Inpatient Facility Coding & Compliance Alert

Reader Question:

Get More Details Before Coding Acute Conditions in Home Care

Question: I’m shifting from our inpatient coding to reporting the hospital’s home care services. What kinds of differences should I expect to find when coding for a patient who moves from the hospital to home care?


New Jersey Subscriber

Answer:  One of the most important issues is knowing how to handle physical conditions for which the patient underwent treatment in the hospital.

Example: Many people assume a condition is resolved because the patient left the hospital or because he had surgery. That leads to the assumption that you can’t report the condition as a primary or secondary diagnosis in home care because it is an “acute condition.” Remember, however, that just because the patient was placed in a wheelchair and wheeled out of the hospital doesn’t mean all the conditions were resolved.
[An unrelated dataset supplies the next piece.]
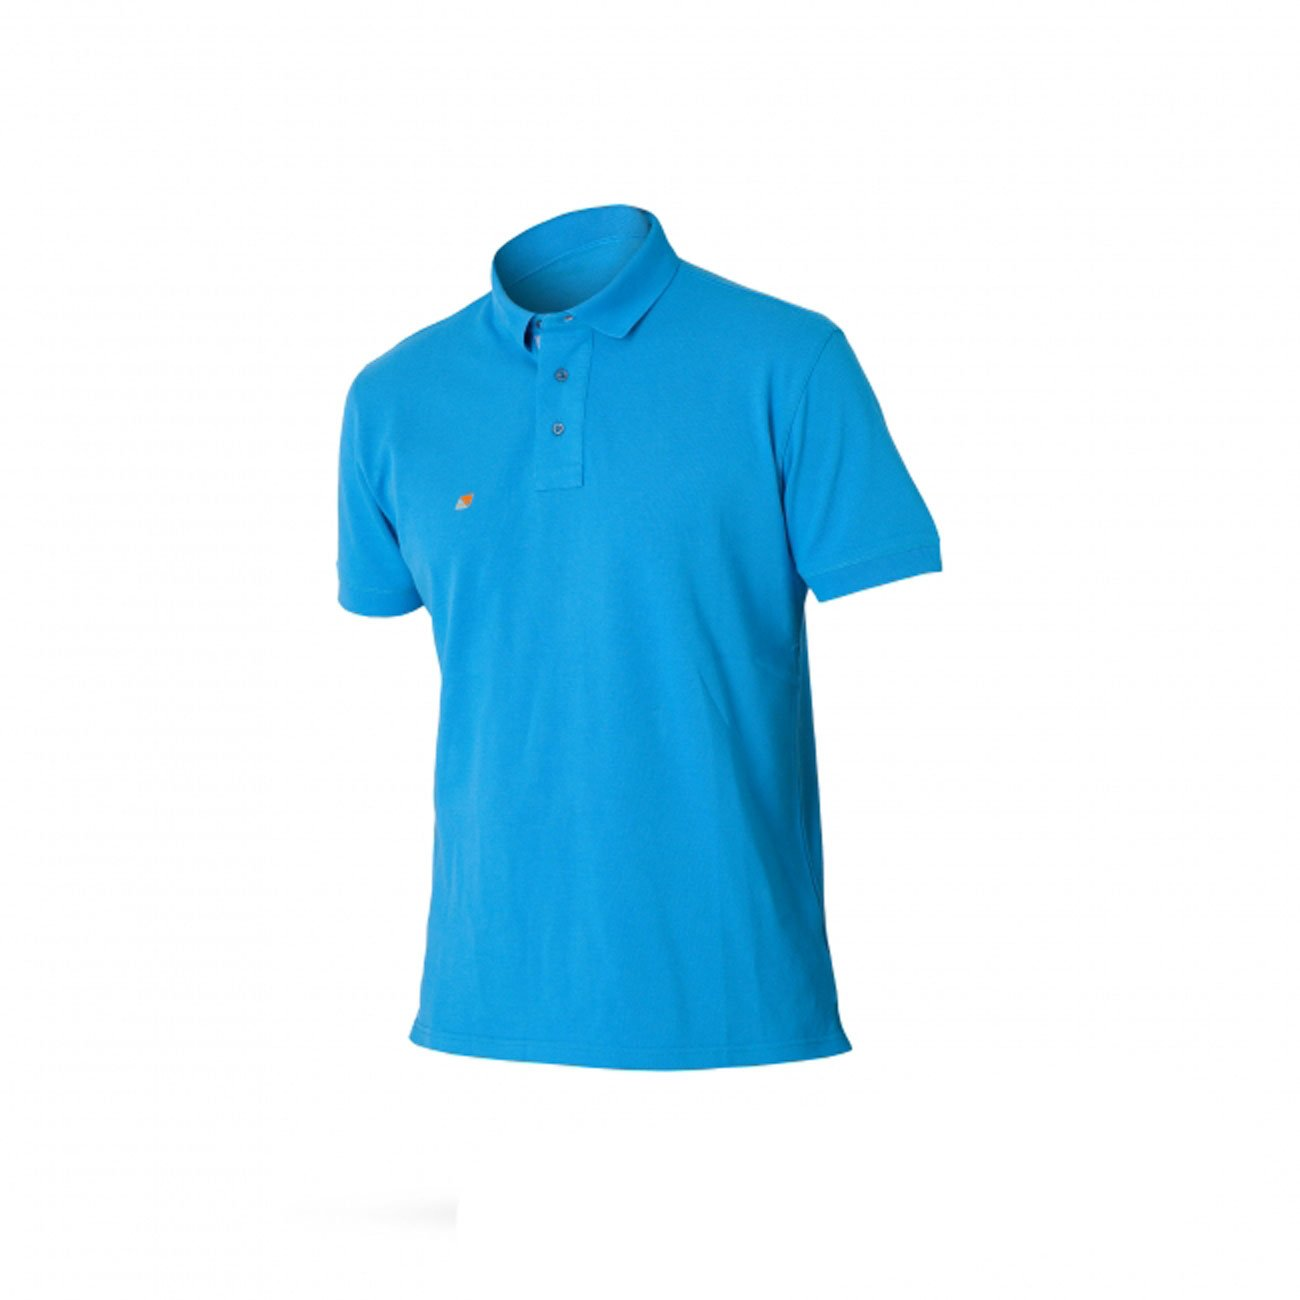 Magic Marine Herren Squall Poloshirt Kurzarm, Farbe Blau, Größe XXXL   Amazon.de  Sport   Freizeit ab59d482e3
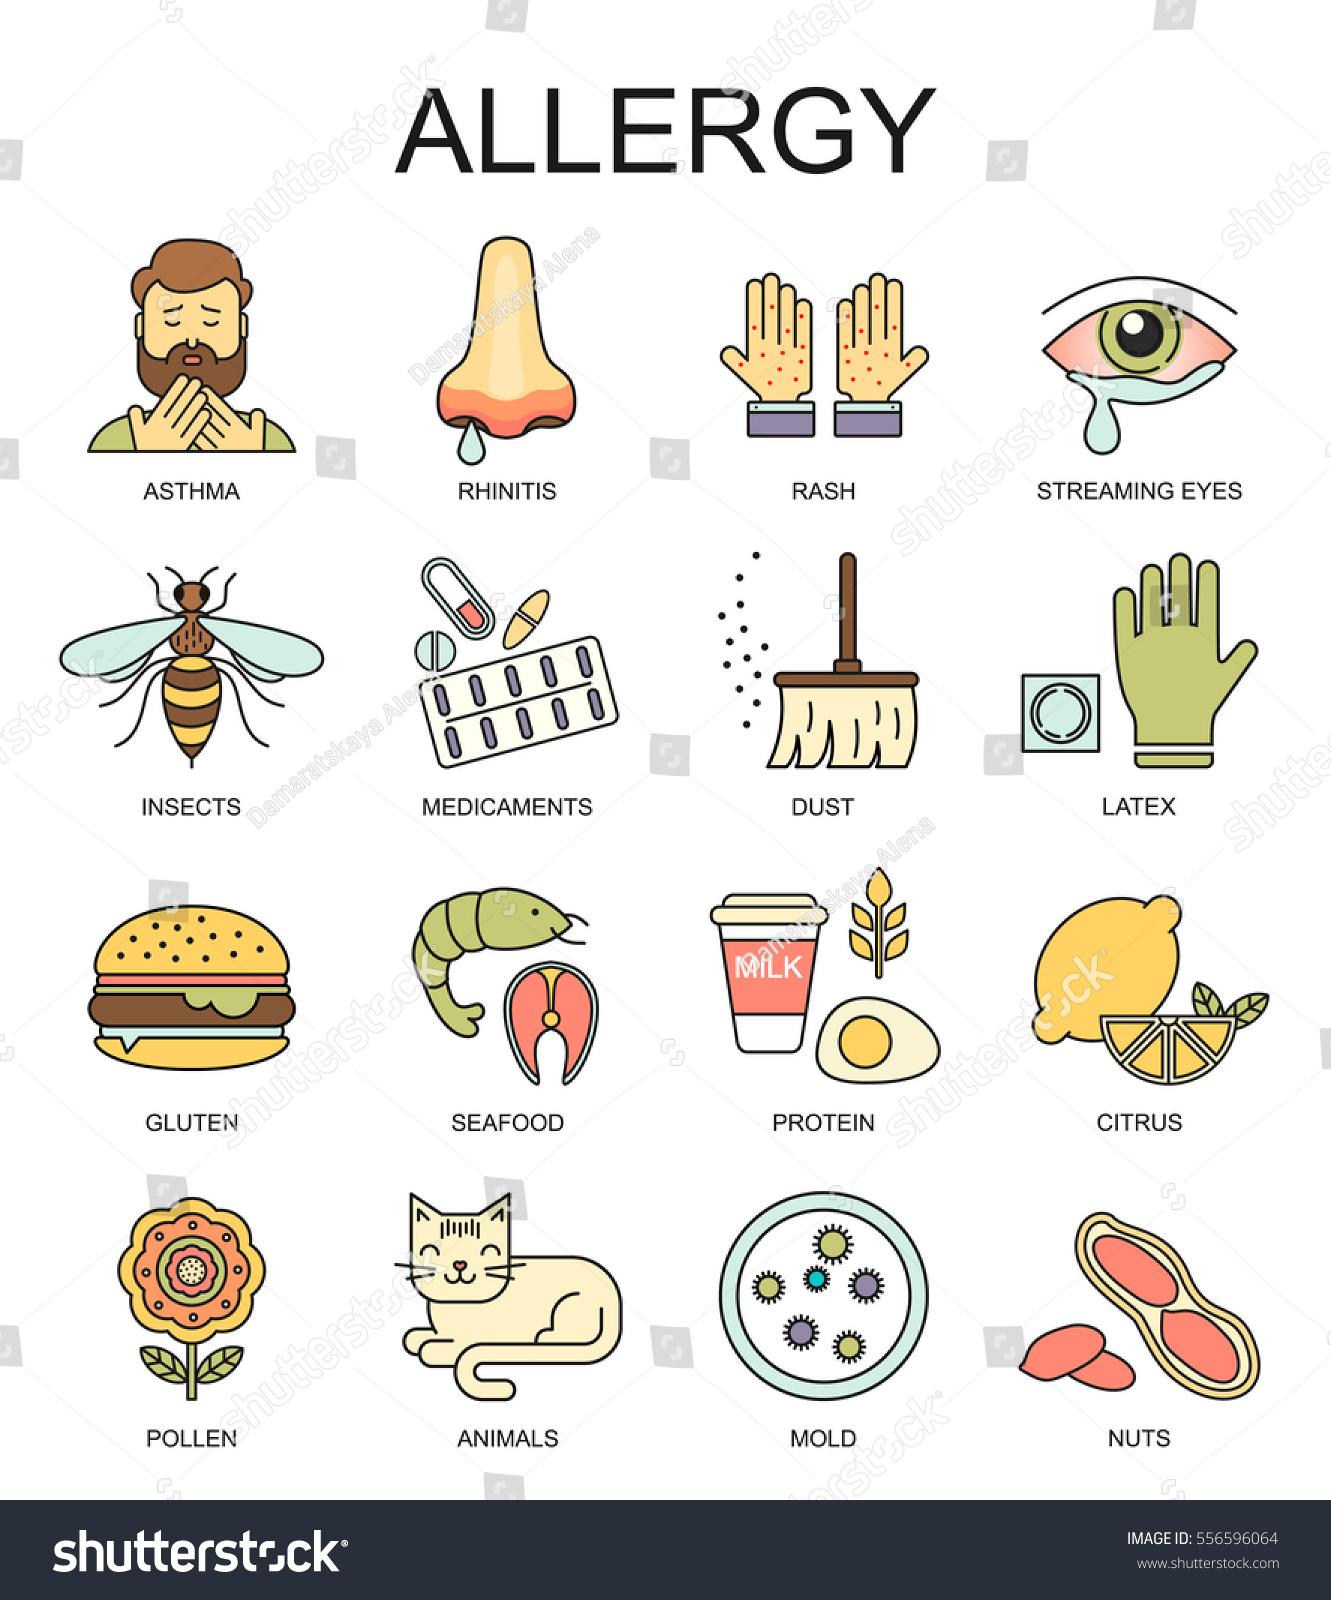 Allergy Symptoms Linear Illustration Most Common Stock ...

Many conditions that are considered acute can still be coded as current conditions in home care. Take a closer look at the following conditions before assuming they are resolved:

·         Sepsis sometimes continues to be treated at home but many coders think they cannot code sepsis in home care. This is a myth.

·         Myocardial infarctions should be coded as acute for eight weeks.

·         Venous thrombosis and pulmonary embolism should be coded as acute unless the physician states the condition is chronic. These conditions are considered acute for 3-6 months after they occur.

·         Neoplasms are not necessarily resolved after surgery, but some coders treat the cancer as a resolved condition. The default action is to code the neoplasm as current unless you have documentation to prove that the history code is more appropriate.

·         Malignant hypertension is not very common, and is often confused with hypertensive crisis. If the physician documents in the hospital record that the patient has malignant hypertension, then you should code for it as malignant hypertension. When a physician documents “malignant hypertension” or “accelerated hypertension,” it means that there is target organ damage caused by the hypertension. Code for malignant or accelerated hypertension with fourth digit “0,” such as with 401.0 (Essential hypertension; malignant).

Bottom line: Very few diagnosis codes are off-limits for home care, Think twice if someone tells them you cannot code acute conditions in home care.